Using stochastic language models (SLM) to map lexical, syntactic, and phonological information processing in the brain
Lopopolo, A., Frank, S. L., Van den Bosch, A., & Willems, R. M.
Using stochastic language models (SLM) to map lexical, syntactic, and phonological information processing in the brain. PLoS One, 12
(5): e0177794. doi:10.1371/journal.pone.0177794.

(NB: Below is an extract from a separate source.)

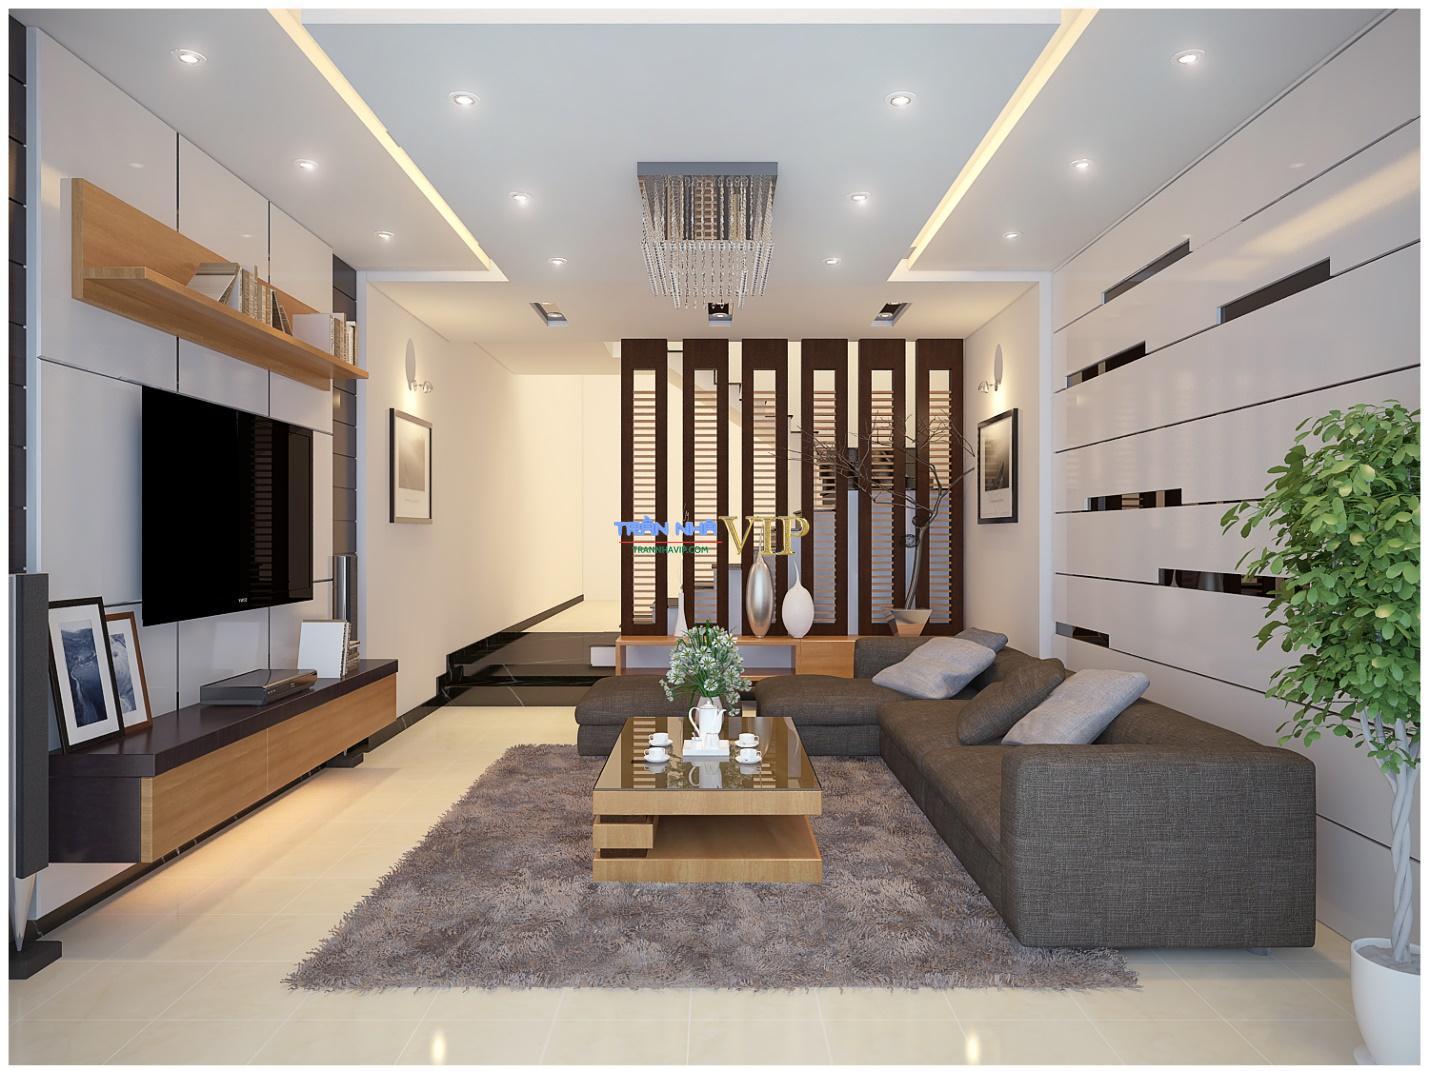 Trần thạch cao phòng khách nhà ống đẹp là lựa chọn tuyệt vời để tăng thêm vẻ đẹp cho không gian sống nhỏ hẹp của bạn. Với những thiết kế đẹp mắt và đặc biệt là sự linh hoạt tối đa trong việc lắp đặt, bạn sẽ chắc chắn có được một không gian sống tối ưu và sinh động.

Language comprehension involves the simultaneous processing of information at the phonological, syntactic, and lexical level. We track these three distinct streams of information in the brain by using stochastic measures derived from computational language models to detect neural correlates of phoneme, part-of-speech, and word processing in an fMRI experiment. Probabilistic language models have proven to be useful tools for studying how language is processed as a sequence of symbols unfolding in time. Conditional probabilities between sequences of words are at the basis of probabilistic measures such as surprisal and perplexity which have been successfully used as predictors of several behavioural and neural correlates of sentence processing. Here we computed perplexity from sequences of words and their parts of speech, and their phonemic transcriptions. Brain activity time-locked to each word is regressed on the three model-derived measures. We observe that the brain keeps track of the statistical structure of lexical, syntactic and phonological information in distinct areas.